粉奈- オフィスのブランディングは、そこで働く社員のモチベーションアップはもちろん、同業者からの注目も集まり、他業種も含めて見学者が増え「オフィスに来た人が沢山写真を撮ってSNSでシェアしてくれる」という効果があります。
オフィスのブランディングは、大きく3タイプに分かれます。「世界観型」、「色統一型」、「モチベアップ型」です。
「世界観型」とは、オフィスに一つの世界観を持たせて、それに合わせて雰囲気を作り込んでいく方法です。例えばとある新卒採用コンサル会社では、「人生は一本の映画を撮るようなもの」と考え、社会人としての新しい人生のお手伝いをする仕事は、フィルムメーカーのようだと考えてすべてを「映画」にまつわるもので統一していく世界観でオフィスをつくり上げました。会議室を試写室のようなデザインにしたり、レッドカーペットや、映画の制作スタッフのようなIDカード、映画のチケットのような名刺など、ひとつの世界観に全てを統一していくことで、社内外、同業者、異業種、学生たちから注目され話題になっていくようになります。
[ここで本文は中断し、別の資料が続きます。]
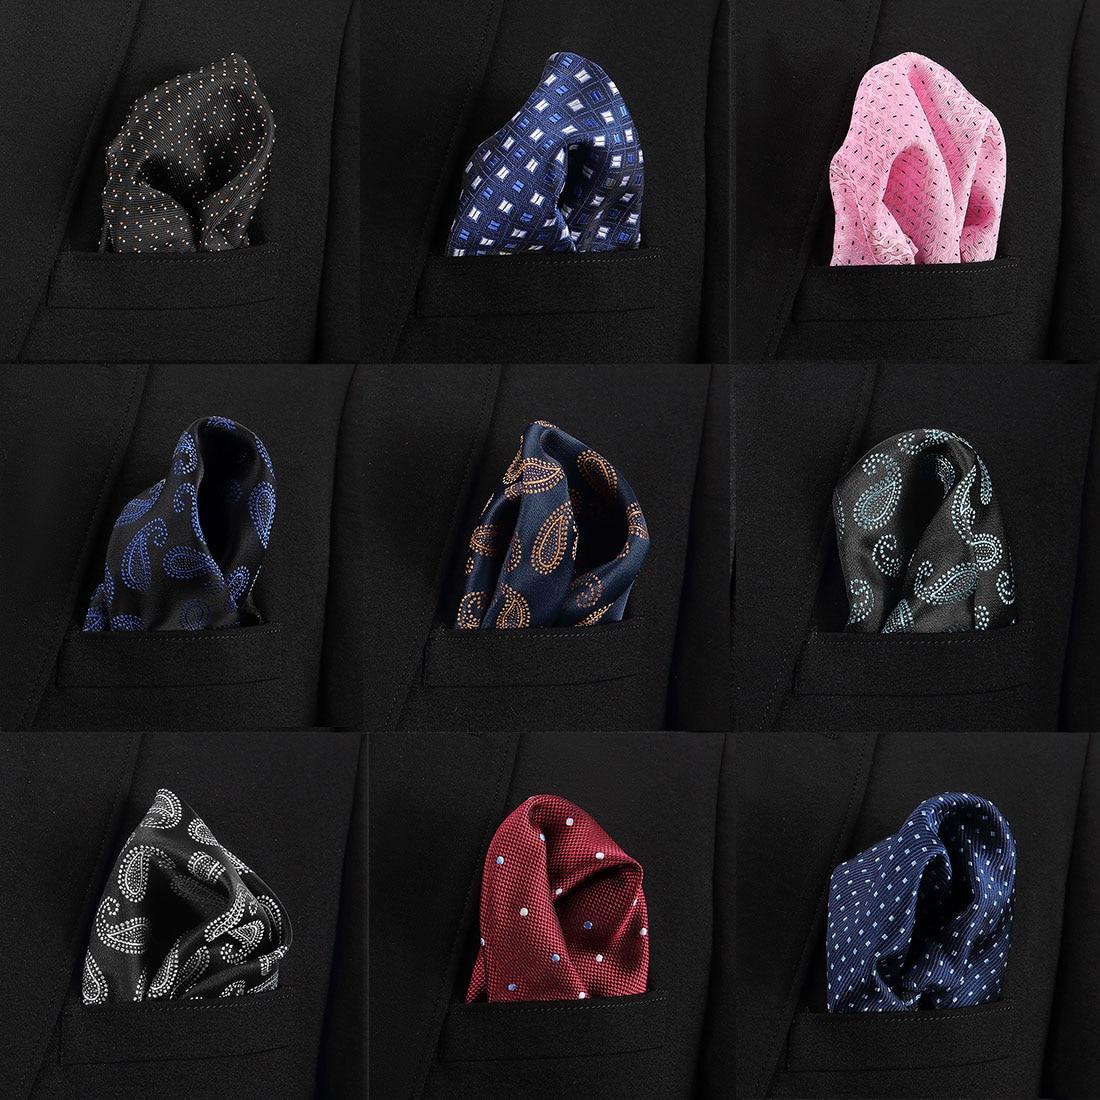 New Luxury  Hankerchief  Scarves Vintage Silk  Paisley Hankies Men's Pocket Square Handkerchiefs Chest Towel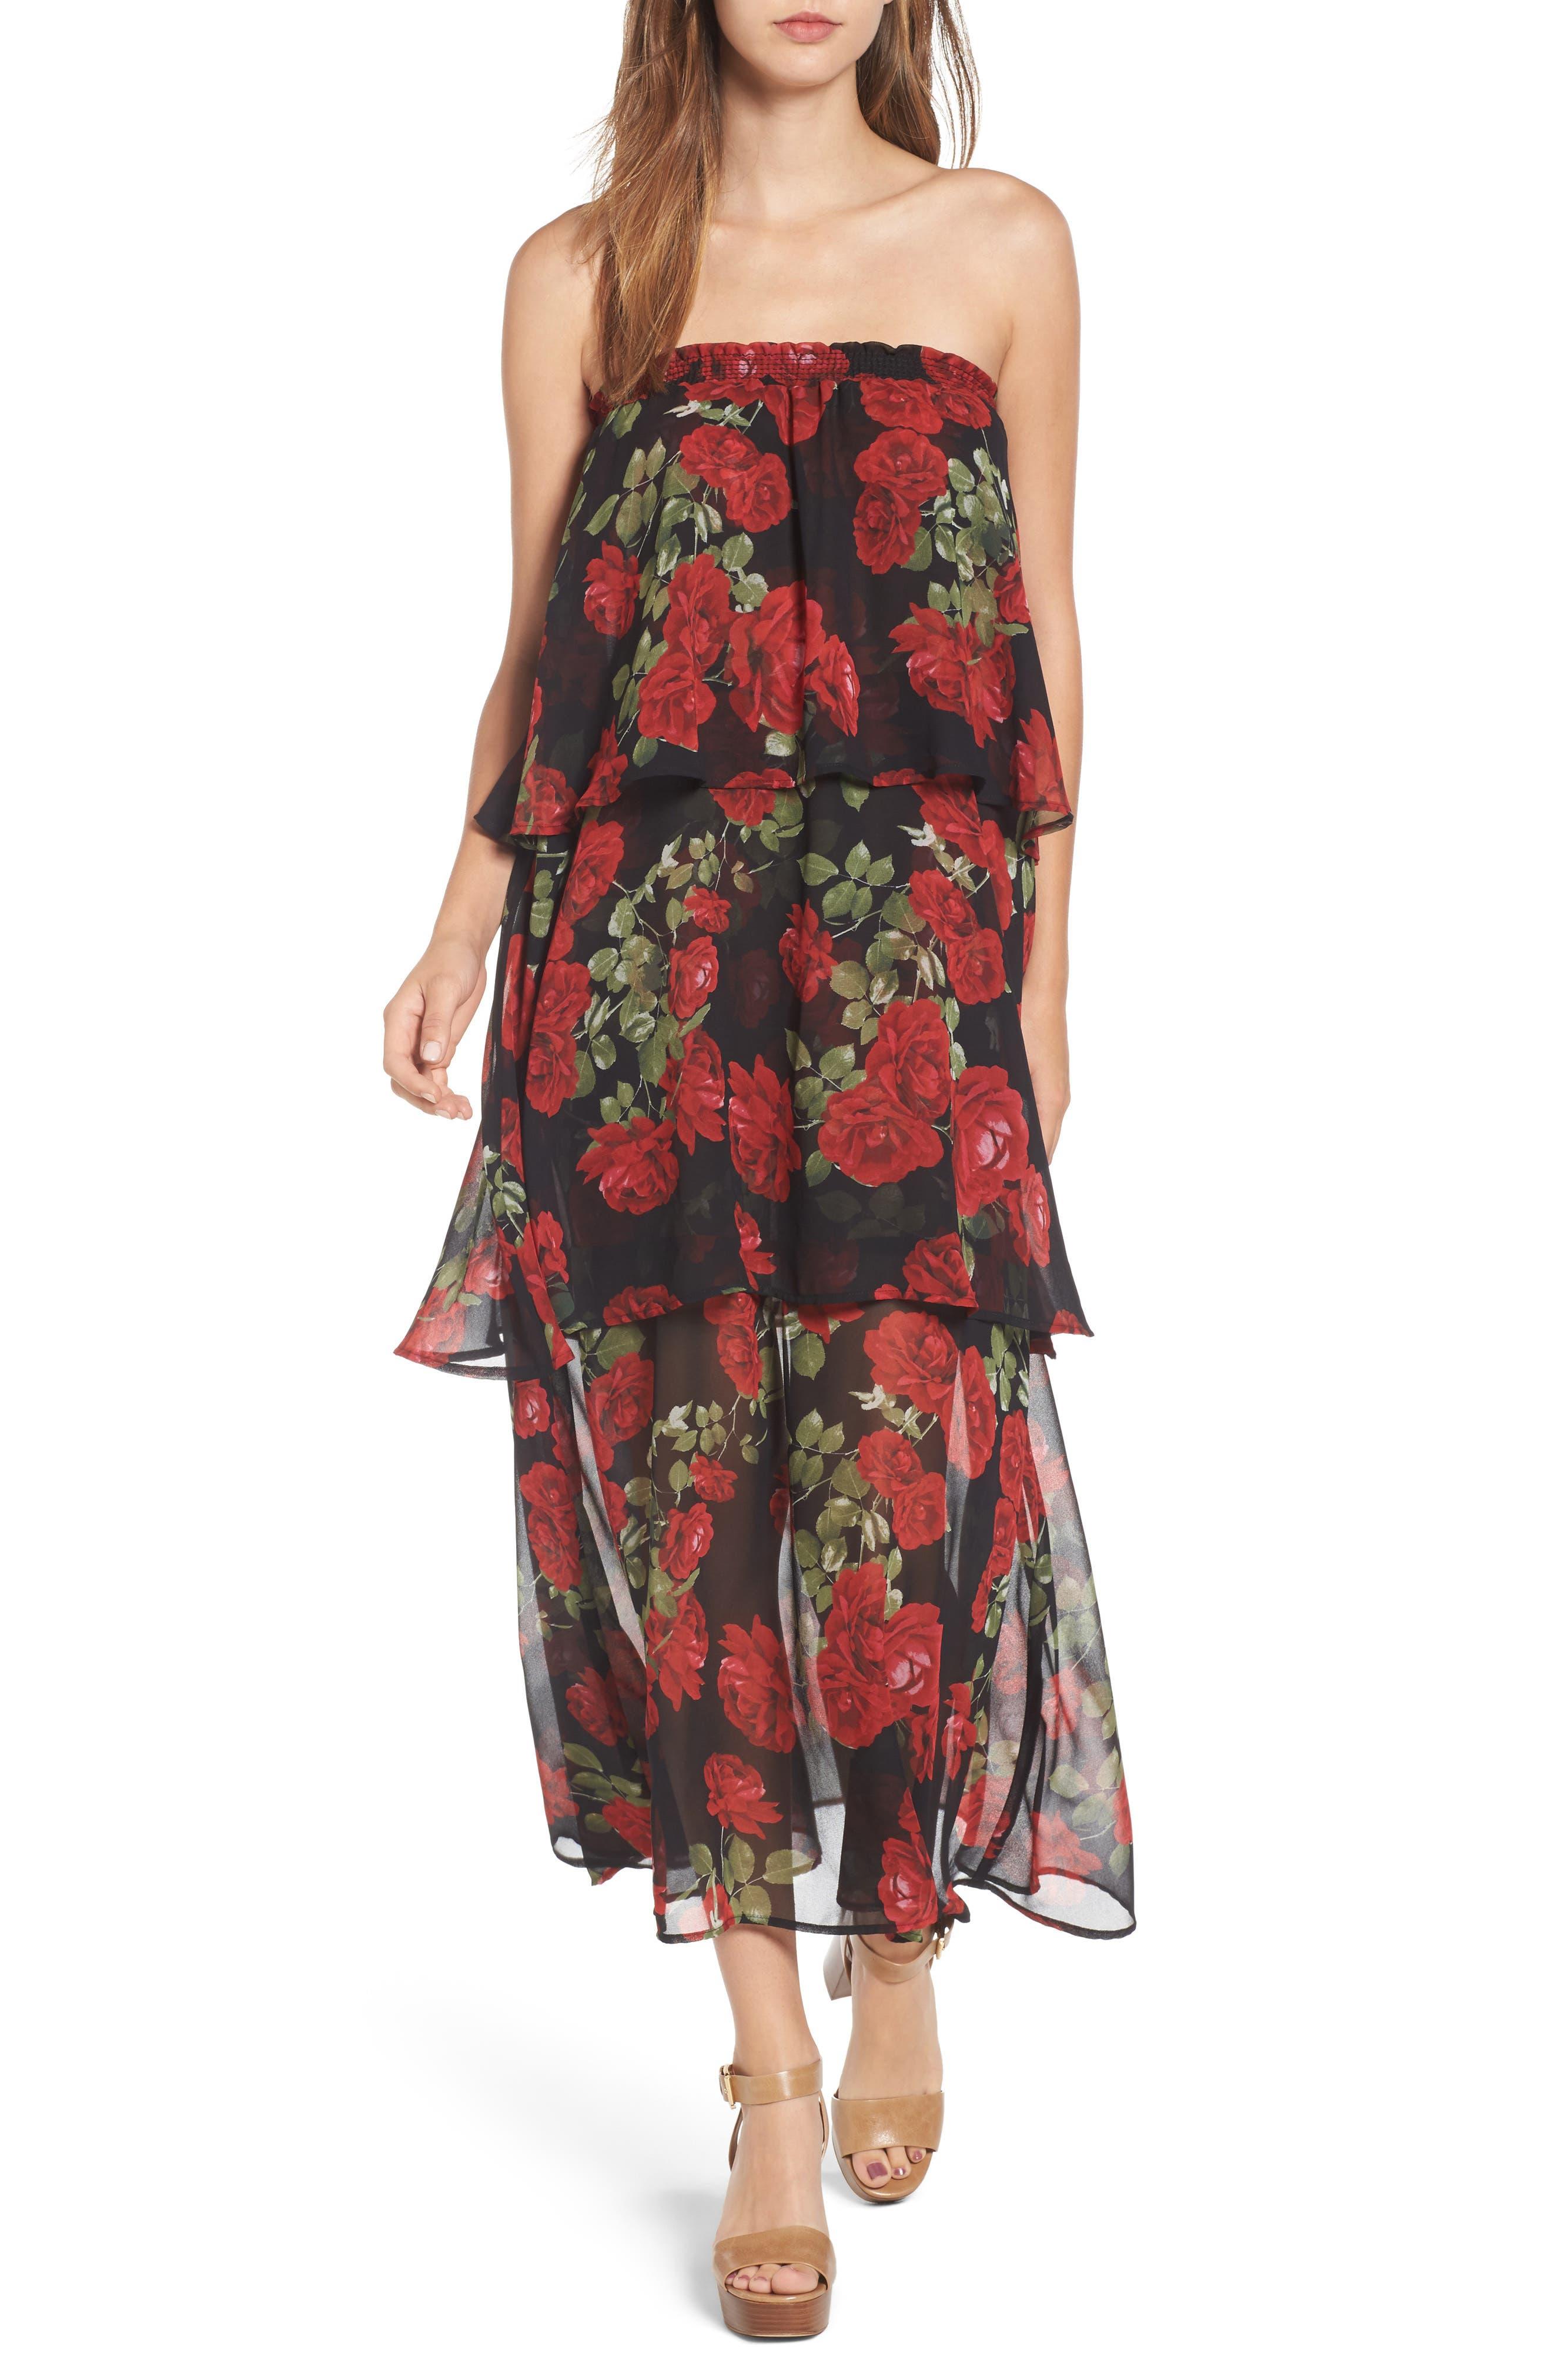 Main Image - Show Me Your Mumu Karla Convertible Strapless Dress

「色統一型」は、会社として大切にしているコーポレートカラーを徹底的に使っていくことで圧倒的な空間を演出していきます。
さらに会社にキャラクターがいたならば、ガイド役として活用することもあり、お手洗いの男女のシルエットをキャラに置き換えたり、10人に1人が気づく程度にこっそり仕込んでいきます。
ゆるキャラみたいにしたり、大げさに使っていくと保育園のようになってしまいがちですので、キャラを使うならばガイド役としてスマートにしていくのがいいと思います。
最後の「モチベアップ型」は、会社の働き方に関する困りごとを解決する形でオフィスづくりをしていく方法です。例えば、「無駄に会議が長い会社」ならば会議室から椅子をなくし、空気イスで会議をするように「ルールごと」変えます。「挨拶やコミュニケーションが足りない会社」ならば、イヤでもみんなのデスクを通らないと自分の席にたどり着けない動線を組み込みます。こういった感じで「ルールごと変える」をいくつも取り入れることで働き方を変えたり、モチベアップに繋がるようにもできます。
どこの会社でも基本的なことができずに困っていたりしますので、お手本として注目される取組みにもなり得ます。
– すごくワクワクする取組みですが、オフィスの改装は時間と手間がかかることだと思います。もっと手軽にできるブランディング方法はありますか?
粉奈- ユニフォームの刷新ならば、もっと手軽にできるはずです。単なる作業着ではなく、ブランド戦略としてのユニフォームづくりは、「営業的効果」「広報的効果」「採用的効果」を会社にもたらします。さらに言うと、このブランド戦略としてのユニフォームは、会社だけでなく少人数のお店でも、一人でやっているフリーランスの方でも有効に活用ができます。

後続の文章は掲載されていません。